Polarisation behaviour of Mg alloys, steel and Cu in galvanic couples
Figure 4 shows the polarisation curves of GW103, AZ91D, carbon steel and Cu in the blank EG solution and that containing inhibitors at 25°C. The measured polarisation curves were curve fitted for their corrosion potentials and corrosion current densities. The results are listed in Table 1.
Polarisation curves of GW103, AZ91D, Cu and carbon steel in blank EG solution and inhibitor containing EG solutions at 25°C
Polarisation curve parameters of GW103, AZ91D, Cu and carbon steel in EG solutions with and without inhibitors
From Fig. 4 and Table 1, it can be seen that corrosion current densities i corr of AZ91D are smaller than those of GW103 in the solutions with and without the inhibitors, which means that AZ91D is more corrosion resistant than GW103. Furthermore, the values of i corr of GW103 and AZ91D decrease, and OCPs shift more positively as the inhibitors are added into the blank EG solution. The inhibitor addition reduces the anodic polarisation current densities of these two Mg alloys much more significantly than the cathodic processes. This behaviour implies that the inhibitor packages mainly inhibit the anodic dissolution process of Mg alloys. However, both inhibitor packages accelerate the corrosion rate of carbon steel and Cu. The cathodic polarisation curves of the carbon steel and Cu with addition of sodium phosphate+benzoate are less influenced compared with those of sodium phosphate+SDBS, meaning that the sodium phosphate+SDBS is worse than sodium phosphate+benzoate in terms of their inhibition performance if steel or Cu is involved in a corroding system.
As the inorganic–organic inhibitors have a synergistic effect and show an anodic inhibition behaviour on Mg alloys, the corrosion potentials of Mg alloys shift positively as shown in Table 1. However, the inhibitors somehow accelerate the anodic dissolution of Cu and carbon steel, resulting in negatively shifted OCPs of these non-Mg metals.

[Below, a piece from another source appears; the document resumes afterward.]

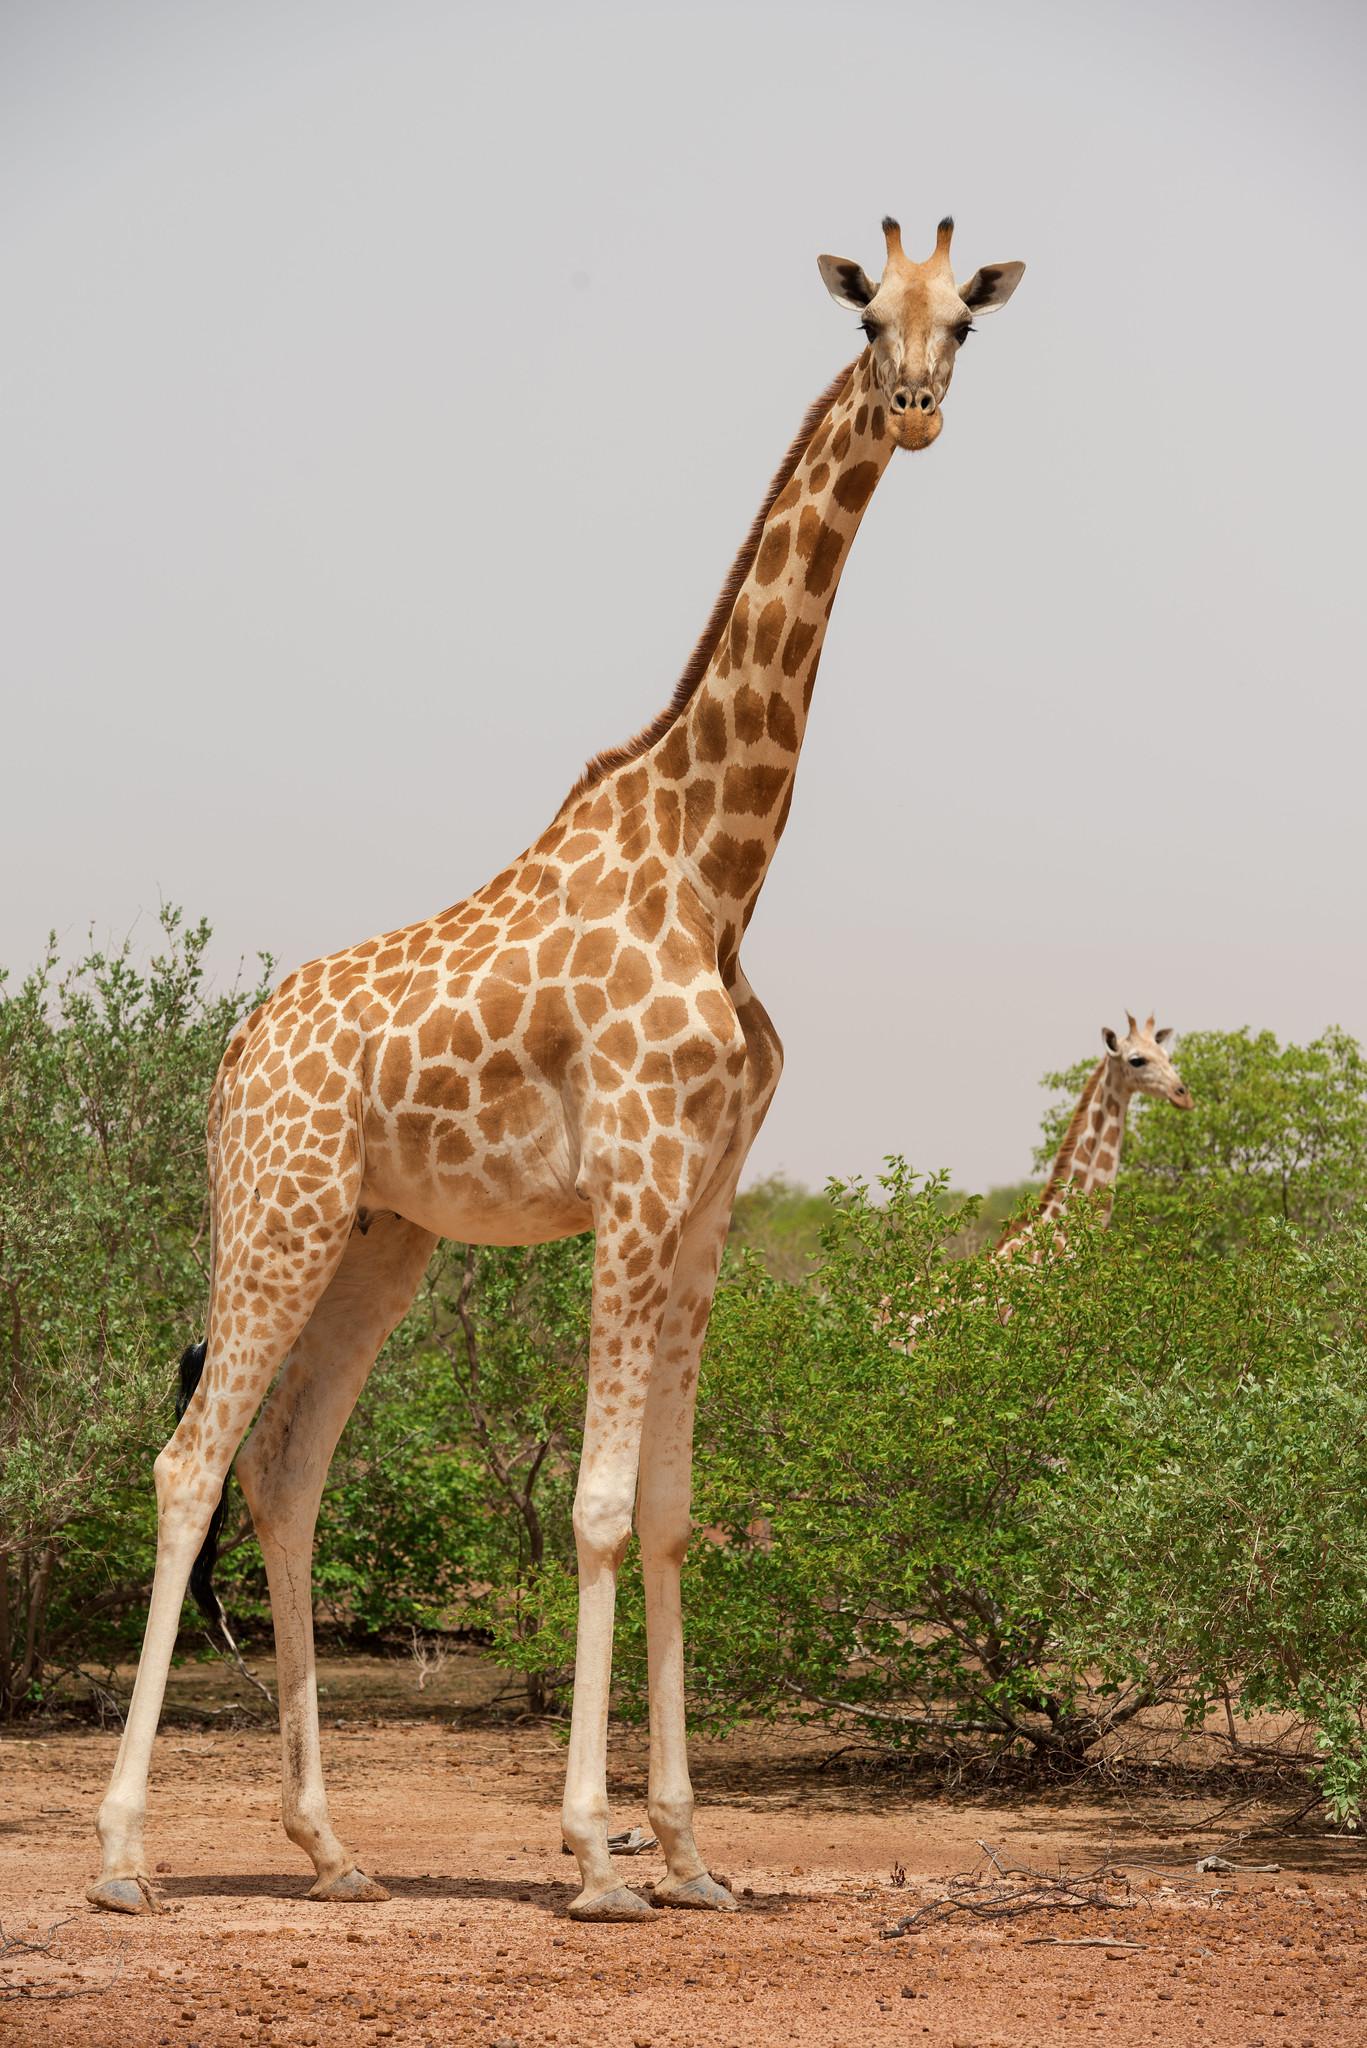 West African Giraffes in Kouré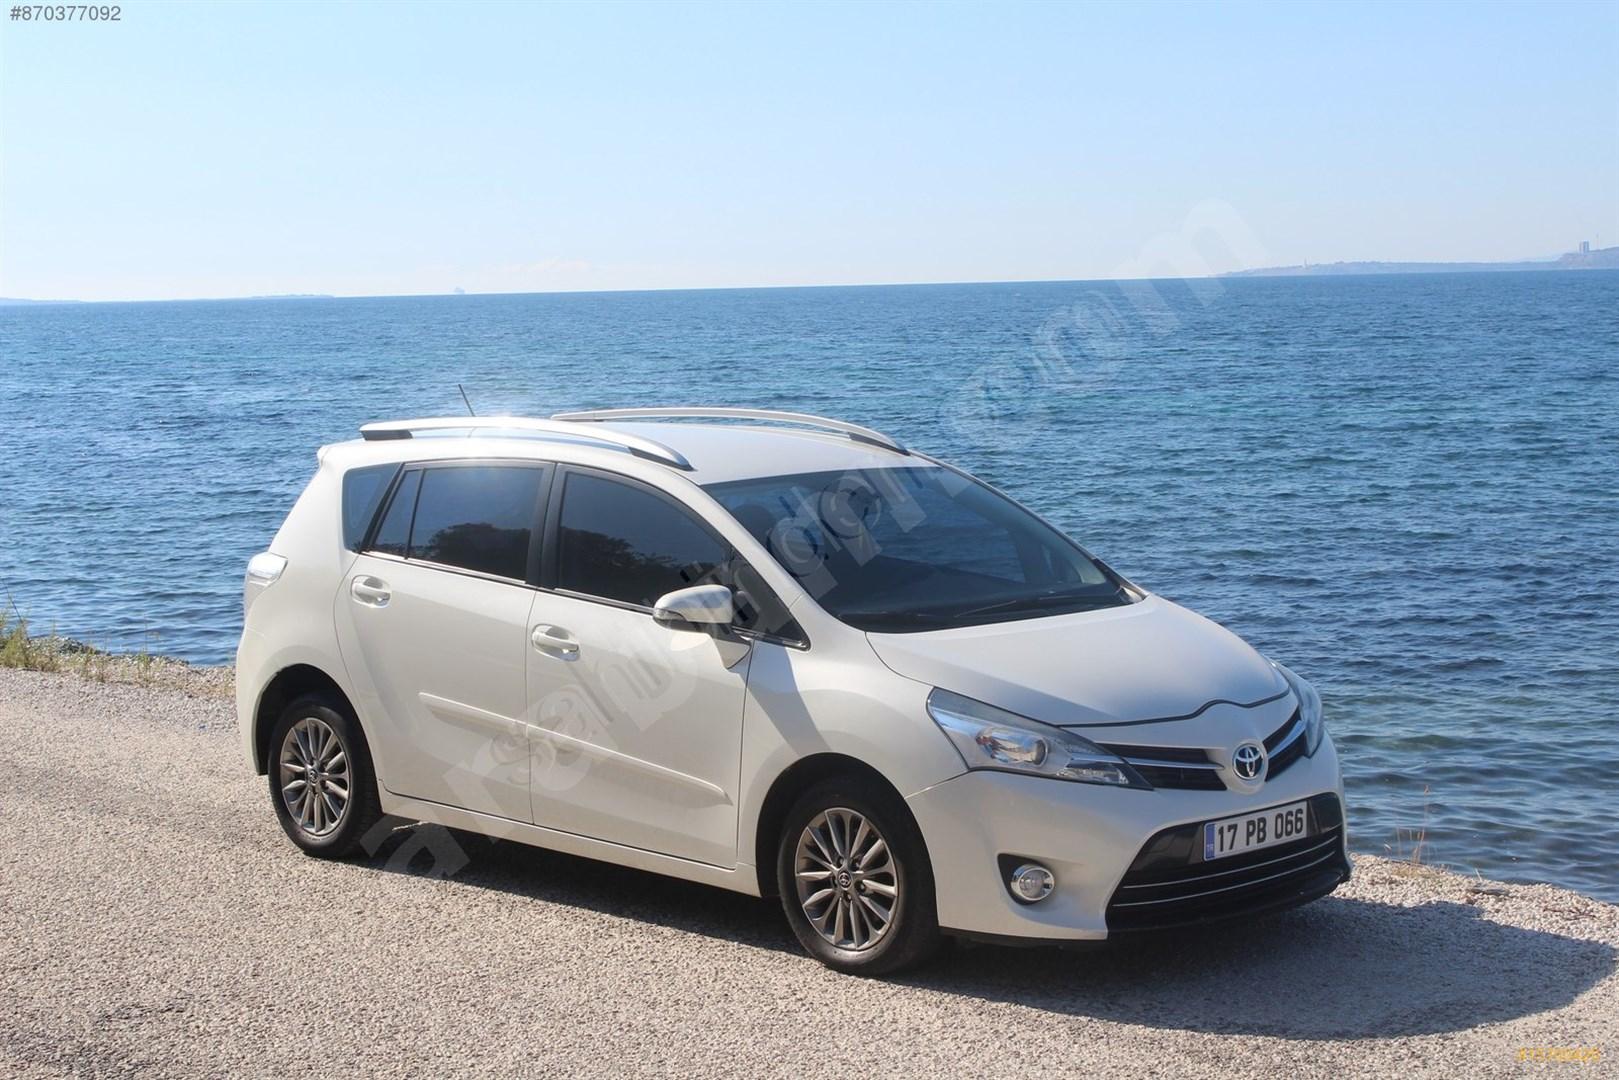 Sahibinden Toyota Verso 1 6 D 4d Advance 2016 Model Canakkale 75 000 Km Beyaz 15700420 Arabam Com

Galvanic current densities
Figure 5 shows the time dependence of the galvanic current densities of GW103–carbon steel and AZ91D–carbon steel couples respectively. The steady galvanic current densities before and after inhibitor addition are listed in the Table 2. Despite the small difference between their final steady current densities, the galvanic current densities of Mg alloys coupled to carbon steel in the inhibitor containing solutions exhibit the same variation trend; the galvanic current densities ascend sharply at the moment inhibitor addition and then descend back. The sudden increase and decrease in galvanic current density could be due to the disturbance of the solution or solution resistance changed by addition of inhibitor. After that, current densities gradually get stable, and the galvanic corrosion current density with addition of sodium phosphate+benzoate gets smaller than that of the blank EG solution, indicating that sodium phosphate+benzoate could decrease the galvanic corrosion rate of Mg–carbon steel couple. It is surprising that the addition of sodium phosphate+SDBS into the EG solution actually accelerates the galvanic corrosion.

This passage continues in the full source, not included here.